Make some predictions:

# Make predictions with the net and pass them through 
# softmax to turn them into probabilities
st = nn.Softmax(dim=1)
predictions = st(model_cnn(images))
for i in range(4):
    fig, ax = plt.subplots(figsize=(1,1))
    imshow(images[i], ax)
    fig2, ax2 = plt.subplots()
    ax2.bar(np.arange(10), predictions[i].detach().numpy())
    ax2.set_xticks(np.arange(10))
    ax2.set_xticklabels(classes)
    sns.despine(trim=True)
../_images/20b6bdd6ef97b2996081d167f56d31792b00022a8504071ac92a7cee79cdd203.svg../_images/6535a663e502f6adf0cd97c4fd61eeb170aac88f625b5208a9d6317c4a550abb.svg../_images/41683aa3861889fd521ba88a21bdb2b35cd8c623c8aa3036ed743250b23aabae.svg../_images/d87ffe99777307de8ee74c76ddfa6e26ce389b1725eb3ed2a951b3303ba8337b.svg../_images/1aa152035e3e1814e1d586df97c9e289e11047b616b7bf6bc6c9ad9c15a9604b.svg../_images/0203e0a508ec6ee8f71ed6510aeaa719e45fa749a3d45ed48f66fe3e31df5591.svg../_images/7a636ac1dd16b98282bade556725b668664e53a2146cc9d552727cd3525dfdb9.svg../_images/3e8eb708a9e596a239708e4f4247ec6de2e57fc6eaafa7cfd47d030593bacc58.svg

It doesn’t work equally well for all classes. Here is some code from the PyTorch tutorial to get the accuracy for each class:

class_correct = list(0. for i in range(10))
class_total = list(0. for i in range(10))
with torch.no_grad():
    for data in testloader:
        images, labels = data
        outputs = model_cnn(images)
        _, predicted = torch.max(outputs, 1)
        c = (predicted == labels).squeeze()
        for i in range(4):
            label = labels[i]
            class_correct[label] += c[i].item()
            class_total[label] += 1


for i in range(10):
    print('Accuracy of %5s : %2d %%' % (
        classes[i], 100 * class_correct[i] / class_total[i]))
Accuracy of plane : 59 %
Accuracy of   car : 65 %
Accuracy of  bird : 46 %
Accuracy of   cat : 25 %
Accuracy of  deer : 42 %
Accuracy of   dog : 48 %
Accuracy of  frog : 66 %
Accuracy of horse : 62 %
Accuracy of  ship : 59 %
Accuracy of truck : 62 %

This could be better. There are several things that we can do. First, we would run this for more epochs. At least 50 epochs are needed to train it properly. Second, we could add data augmentation. This can be done through a transformation; see this. Third, we have to make the network bigger. Here is a list of large networks trained on CIFAR10. It is possible to reach an accuracy of 95%.

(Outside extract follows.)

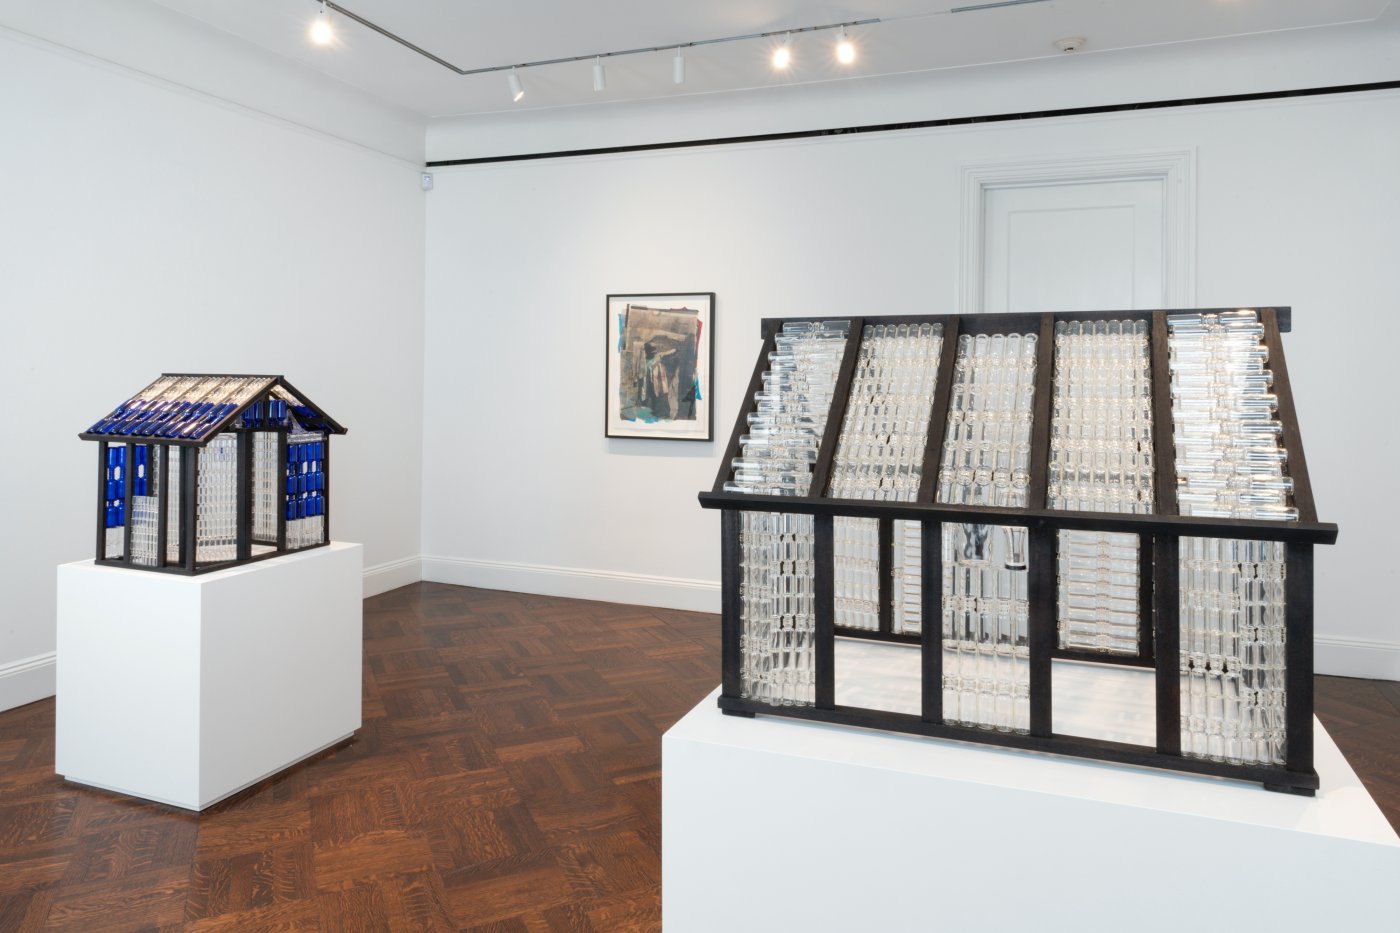 Installation image for Mildred Howard: A Sonata in Four Parts, at Franklin Parrasch Gallery

A general advice: When you train neural networks think big. Make them big. Add a lot of data. Train more (but not too much).

Questions#

  • Set the number of epochs for the CNN-based model to 40. How much better accuracy do you get? Make sure you do this before bed and look at it in the morning. It takes a while to train.